6-) Another label reference that allows controlling the execution flow, later we will use it to create a loop.
7-) This instruction loads a byte from the source operand into the AL register. Remember the fourth line, in which the SI was set with a text address position; now, this instruction is getting the character stored at memory space 0x7C10. It is vital to notice this is behaving like an array, and we are point to the first position, which contains the character ‘H’; as we can see in figure 03 below. This text presentation will occur in a vertically iterative manner, and each character will be set each time. Besides, the second character was not presented extracted snapshot from the IDA program; 0x65 in ASCII represents the character ‘e’.
8-) Performing OR boolean operation between (AL | AL), at first glance, it does not seem to make any sense, but it does. We need to check if the result of this operation is zero, based on logic boolean, the result will be the same after this operation, for example, [1 | 1 = 1] or [0 | 0 = 0]. In the next line, you are going to understand why this is necessary.
9-) Jump to halt label (Line 12) if the result of the last OR operation is zero, in the first moment, the value of AL is [0x48 = ‘H’] based in the last LODSB instruction, do you remember that on Line 7? So, it will not jump to halt label in the first moment. Why that? (0x48 OR 0x48) = 0x48, then it will go to the next instruction in the next line. It is important to say that JZ instruction is not related only to OR instruction. There is another register called FLAGS, which is observed during jump operations, i.e., the result of OR operation is stored in this FLAG register and observed by JZ instruction.
10 -) Invoking BIOS interruption, the instruction INT 0x10 displays the value of AL on the screen; remember line 5, we set the value of AH with 0x0E; this is a combination to present the value of AL on the screen.
11-) Jump to .loop label, that’s it without any condition, it is like GOTO instruction compared to a high-level language.
12-) We are in line 7 more one time, LODSB will retake action. After the byte is transferred from the memory location into the AL register, the SI register is incremented. The second time, it is pointing to the address 0x7C11 = [0x65 ‘e’], then the character ‘e’ is presented on the screen. This loop will run until it reaches the address 0x7C3B = [0x00 0], and when the JZ is executed again on line 9, the flow will be driven to the halt label.
13-) Here, we finish our journey. The CLI and HLT instructions halt the execution.

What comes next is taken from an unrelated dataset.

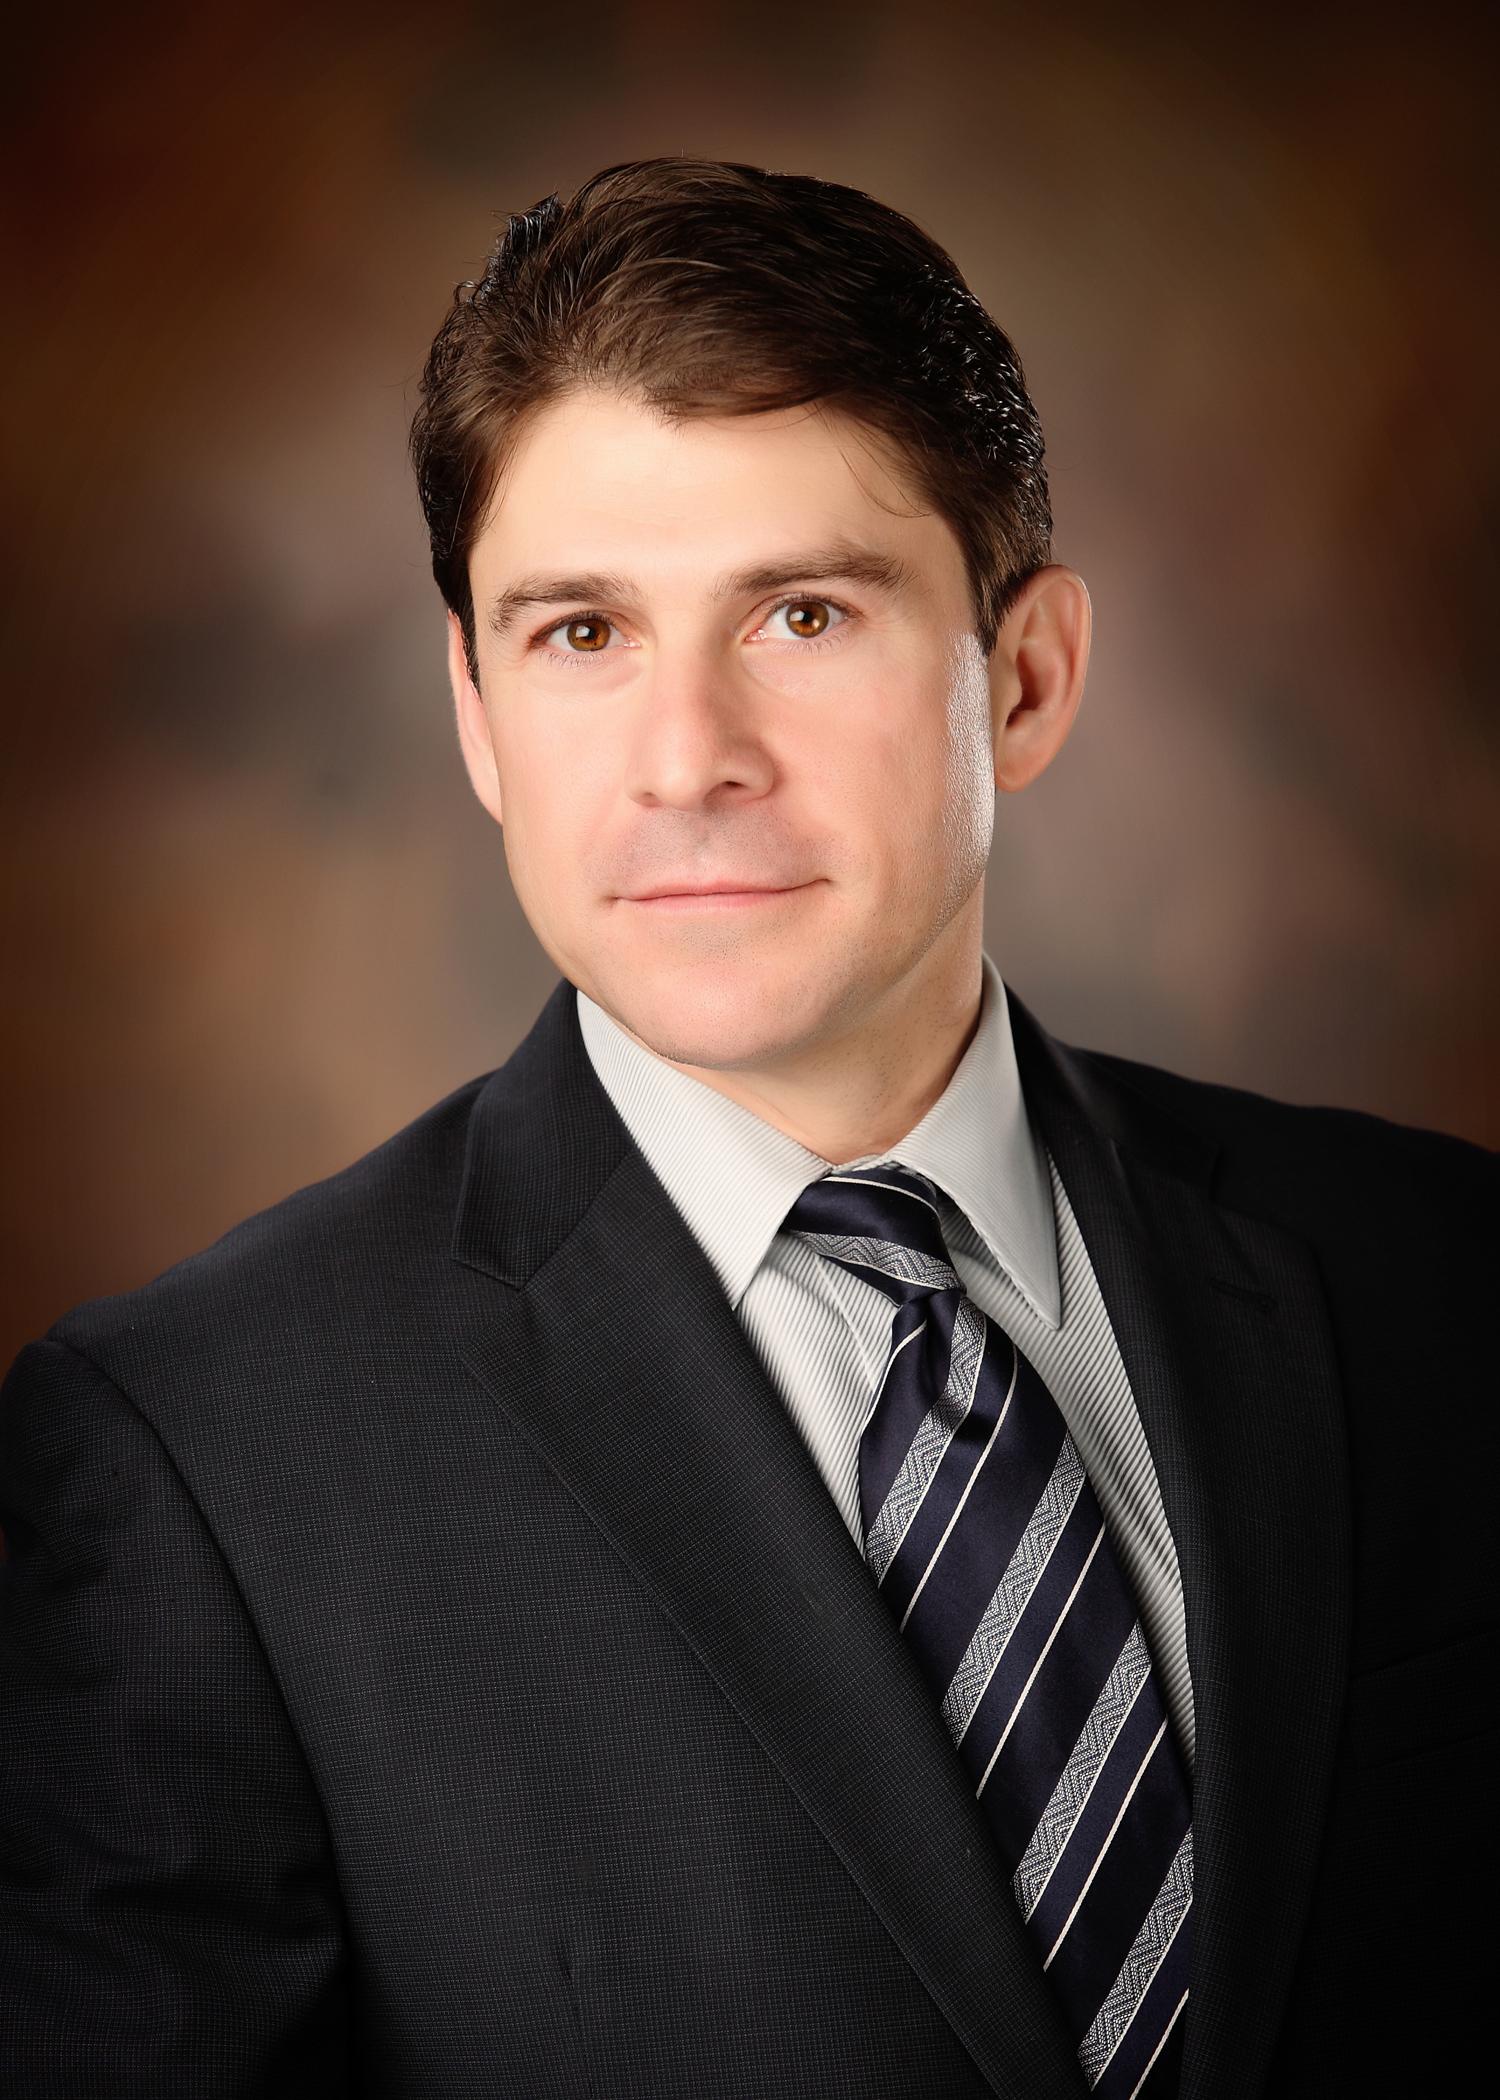 Dr. Richard S. Bartholomew Orthopedic Surgeon: Knee and Shoulder Surgeon Specialist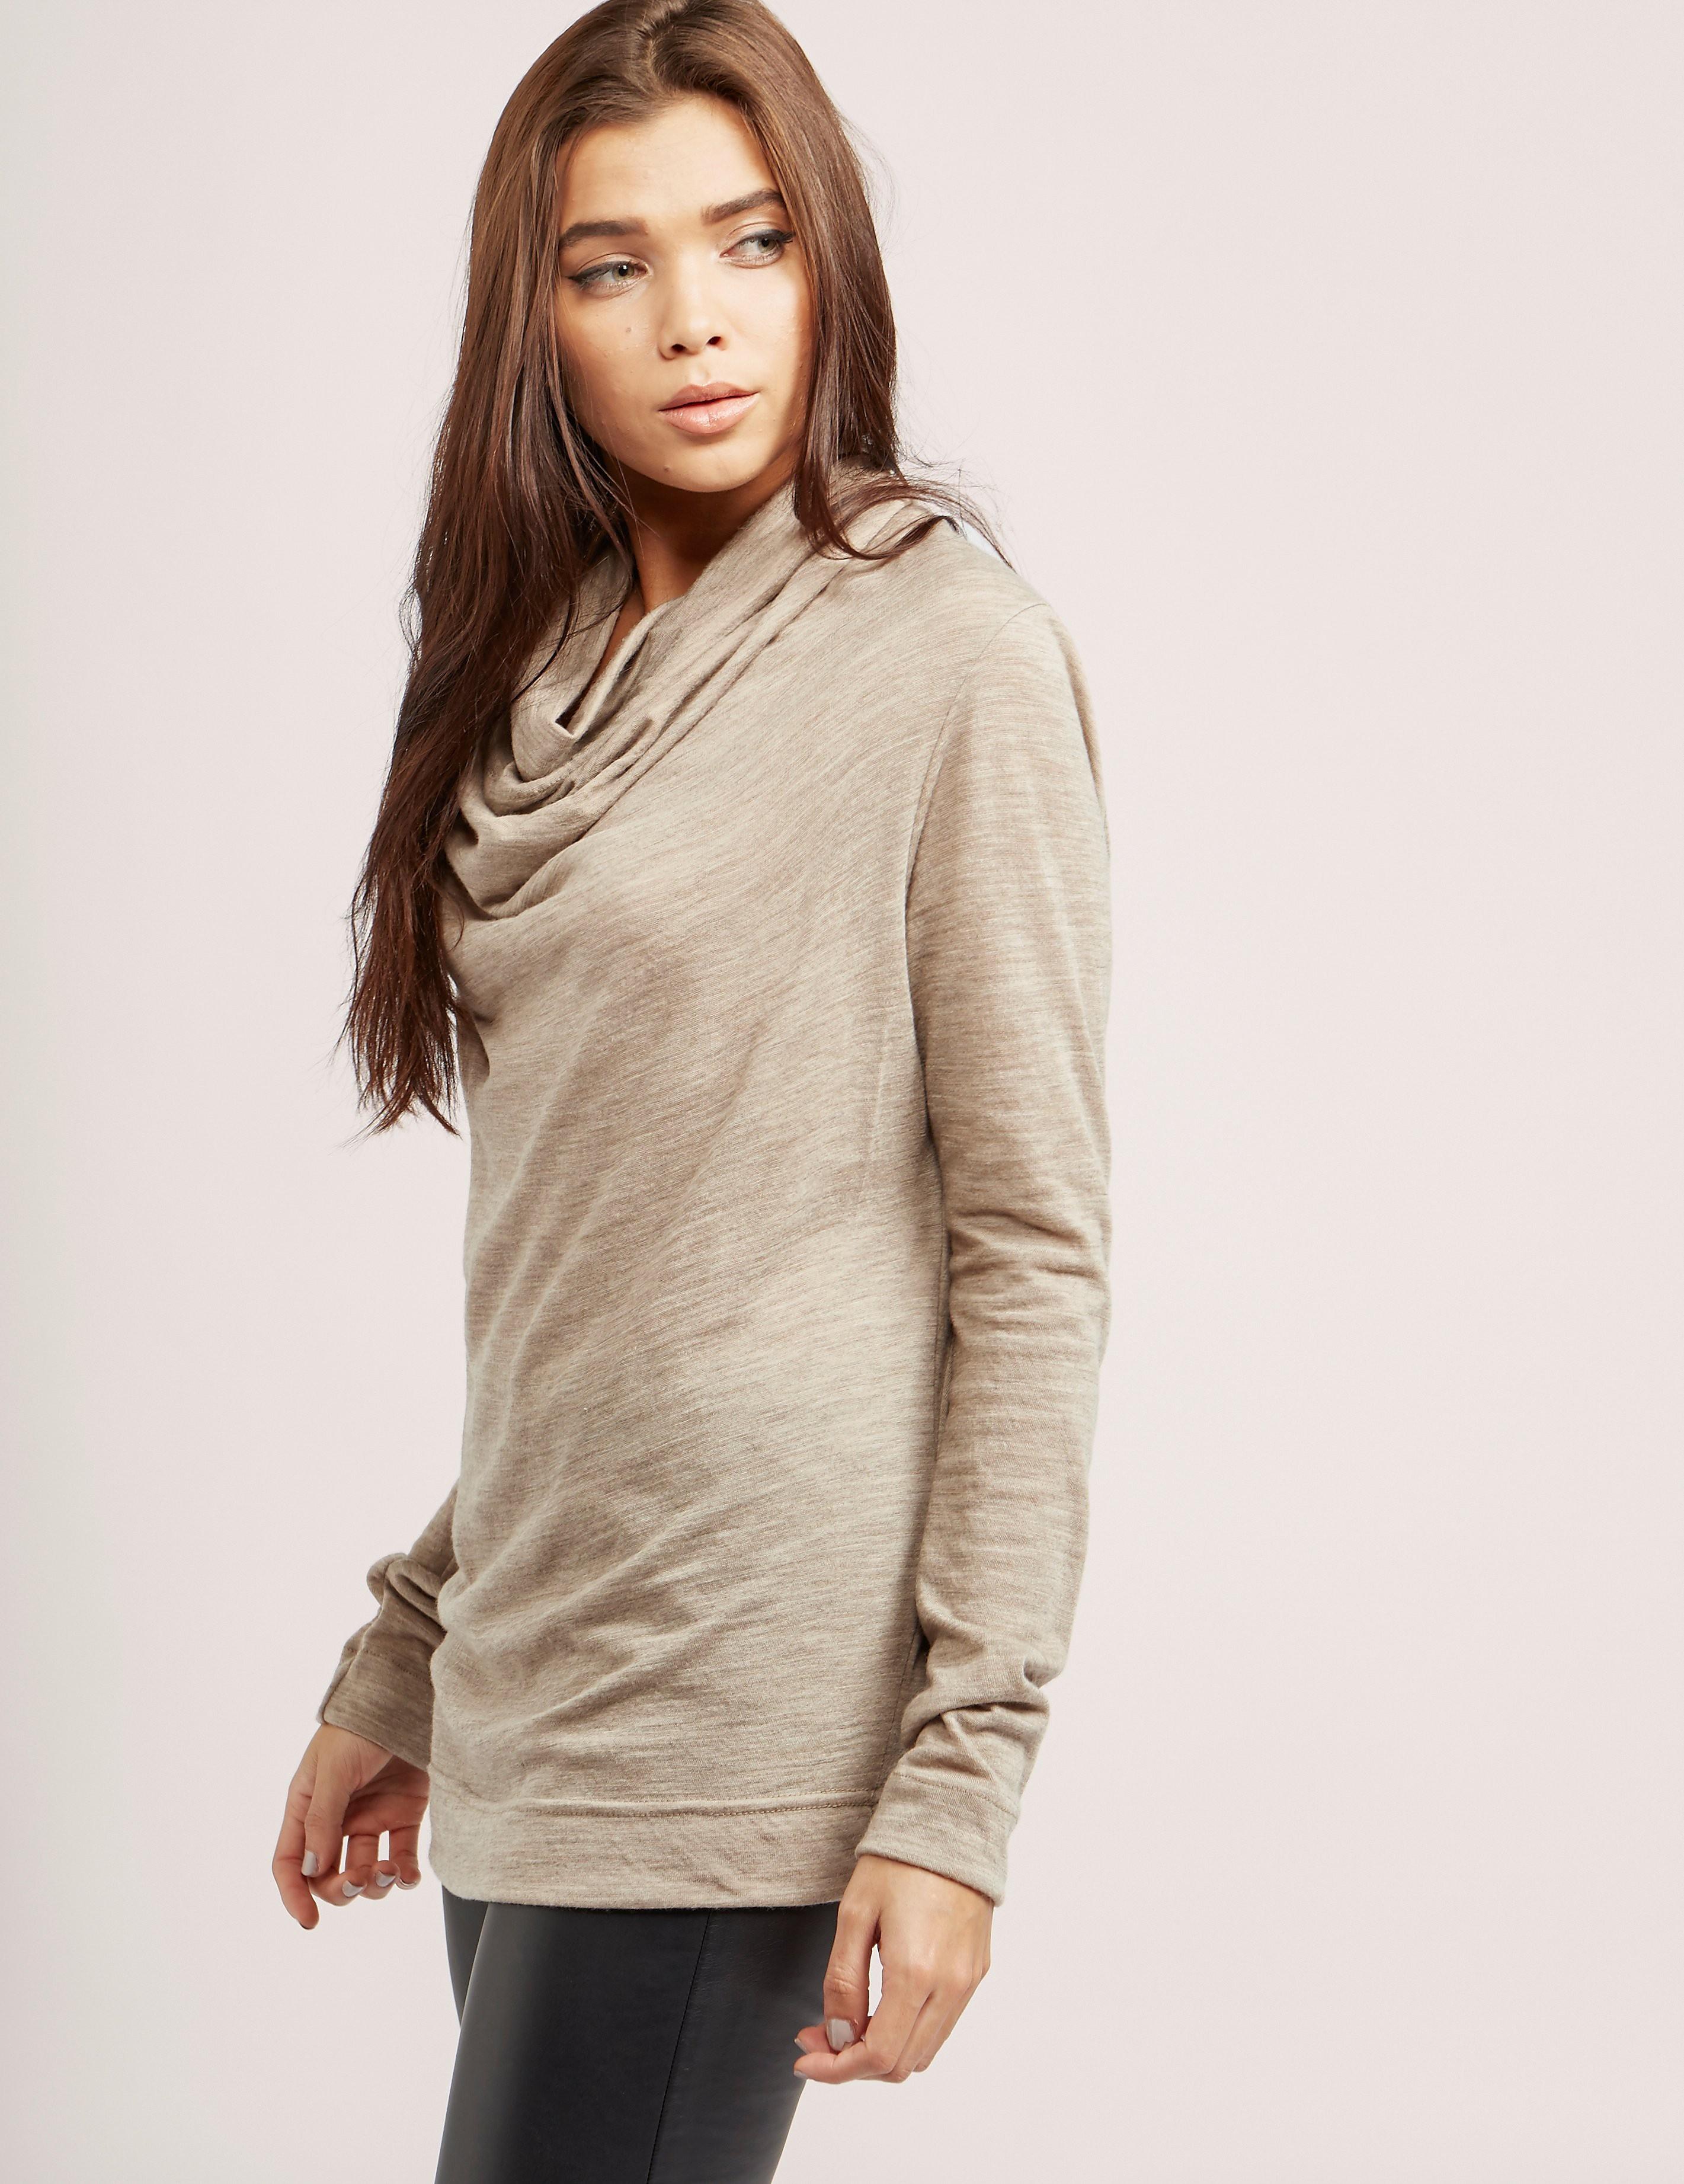 Vivienne Westwood Anglomania Fold Shirt

14-) At the seventeenth line you see an instruction that pads the remaining 510 bytes with zeroes after that adds the boot record signature 0xAA55.
Let’s build and run
In the first step, you must make sure you have installed the NASM compiler and QEMU on your computer, using your favorite dependency manager or downloading it from the internet; QEMU is a virtual machine emulator.
If you have Linux, you can type on terminal:
sudo apt-get install nasm qemu
On a mac you can use homebrew:
brew install nasm qemu
After accomplishing the first step, you must create a file with the assembly code presented in Code 01 block. Let’s name this file as boot.asm and then run NASM command:
nasm -f bin boot.asm -o boot.bin
It will produce the binary file you need to run your virtual machine, let’s run it on QEMU:
qemu-system-x86_64 -fda boot.bin
You should see the following screen:
Running it from Virtual box
Firstly you need to create a virtual an empty floppy disk
dd if=/dev/zero bs=1024 count=0 > floppy.img
And then append the binary content inside of it:
cat boot.bin >> floppy.img
Now you can create a Virtual Box machine and boot it using your image file.
I was not able to explain many things here for the sake of brevity; if this is your first time with this type of content, probably many questions have arisen in your head, ok, this is not an easy subject, and I hope it can serve as a starting point for many studies. A book that I recommend is Operating Systems Design and Implementation by Andrew S. Tanenbaum, a useful reference to better understand many principles of computing and operating systems.